Davalı M.. Ö.., davanın reddini istemiştir.
Diğer davalılar, davaya cevap vermemişlerdir.
Mahkemece, dava konusu taşınmazın mutlak tarım arazisi olup 3083 sayılı yasa gereğince takyidatlı olduğundan ve toplulaştırma uygulama alanında kaldığından davanın reddine karar verilmiştir.

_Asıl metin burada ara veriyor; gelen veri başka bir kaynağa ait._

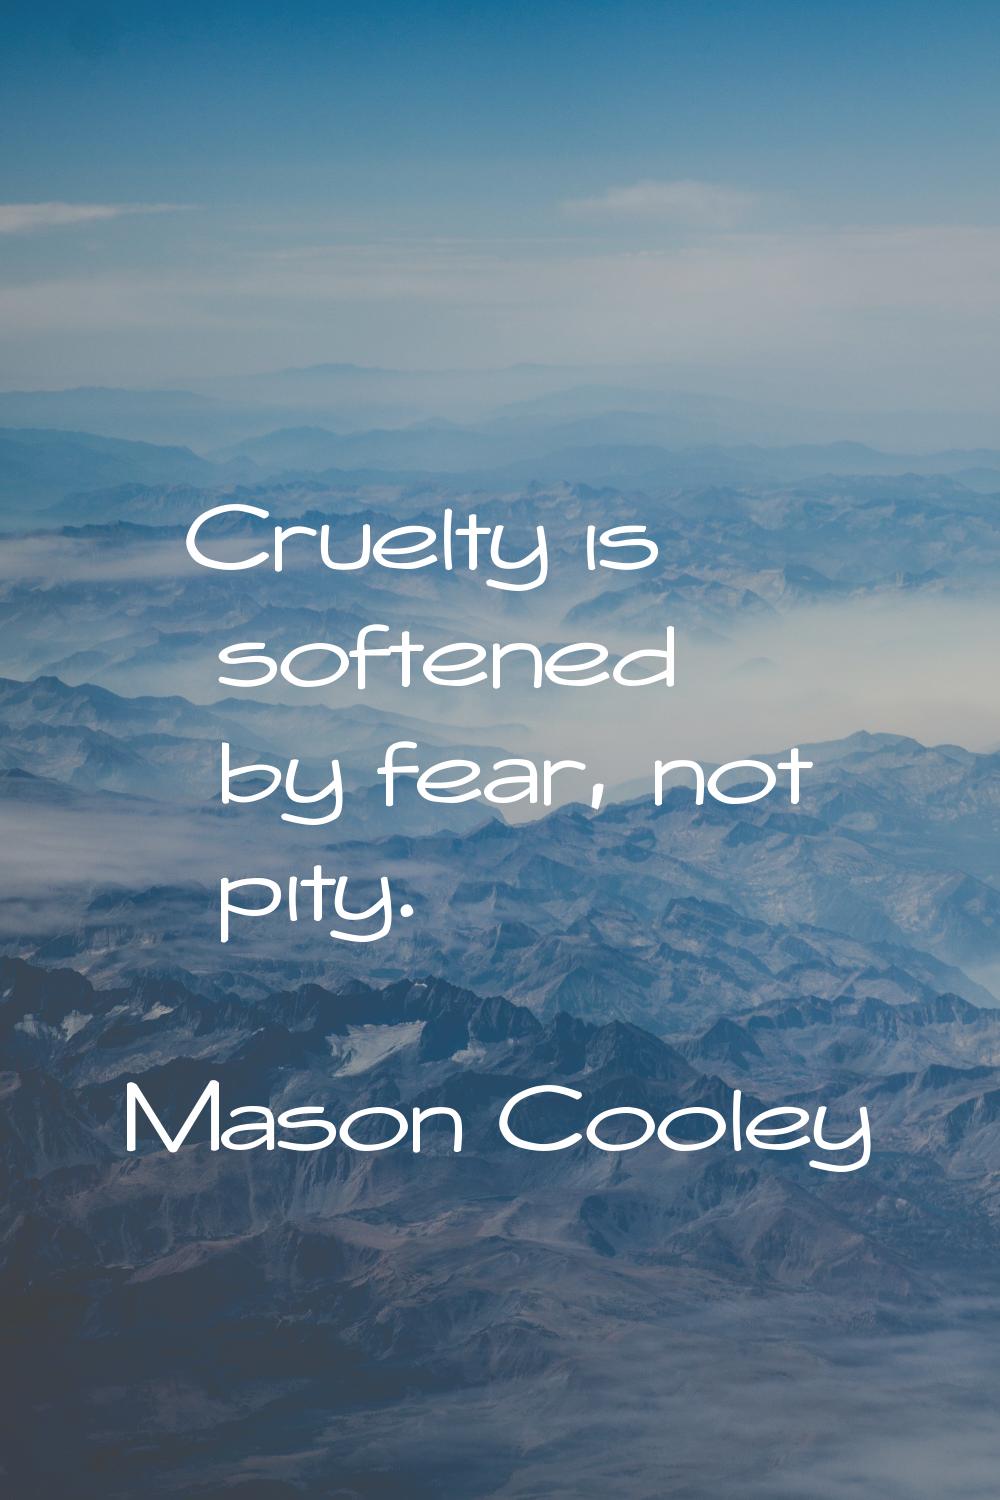 Cruelty is softened by fear, not pity.

3083 sayılı Sulama Alanlarında Arazi Düzenlenmesine Dair Tarım Reformu Kanununun 13/1 maddesi gereğince ”Uygulama alanlarında Bakanlar Kurulu kararının Resmi Gazete’de yayımı tarihinden itibaren, kamulaştırma, toplulaştırma, arazi değiştirilmesi ve dağıtım işlemlerinin tamamlanması veya tapuya tescili sonuçlandırılıncaya kadar, gerçek kişilerle özel hukuk tüzel kişilerine ait arazinin mülkiyet ve zilyetliği devir ve temlik edilemez. Bu araziler ipotek edilemez ve satış vaadine konu olamaz. Ancak, bu kısıtlama süresi beş yılı aşamaz.” 3083 sayılı Sulama Alanlarında Arazi Düzenlenmesine Dair Tarım Reformu Kanununun 13. maddesinin son paragrafındaki “Birinci fıkrada belirtilen süreler içinde mahkemeler veya icra iflas daireleri tarafından bu arazi hakkında devir ve temlik gerektiren bir karar verilemez. Miras yoluyla intikaller bu hükmün kapsamı dışındadır. Ayrıca mahkemeler satış suretiyle miras ortaklığının giderilmesine karar veremezler” hükmü nazara alındığında kısıtlama süresi içerisinde ortaklığın satış suretiyle giderilmesine karar verilemez. Ancak Tarım İl müdürlüğünün 13.03.2014 tarihli yazı cevabında Küçükdere Köyünde 08.03.2007 tarihinde uygulama alanı ilan edildiği ve devam ettiği ancak beş yıllık kısıtlama süresinin dolduğu, ikinci beş yıllık kısıtlama süre uzatımı yapılmadığı belirtilmiştir. Bu nedenle taşınmaz üzerindeki şerhin hüküm tarihi itibariyle devam etmediği gözetilmeksizin yazılı şekilde karar verilmesi doğru görülmemiş, bu nedenle hükmün bozulması gerekmiştir.
SONUÇ: Yukarıda açıklanan nedenlerle davacı vekilinin temyiz itirazının kabulü ile hükmün BOZULMASINA, peşin yatırılan harcın istek halinde yatırana iadesine, 13.05.2014 tarihinde oybirliği ile karar verildi.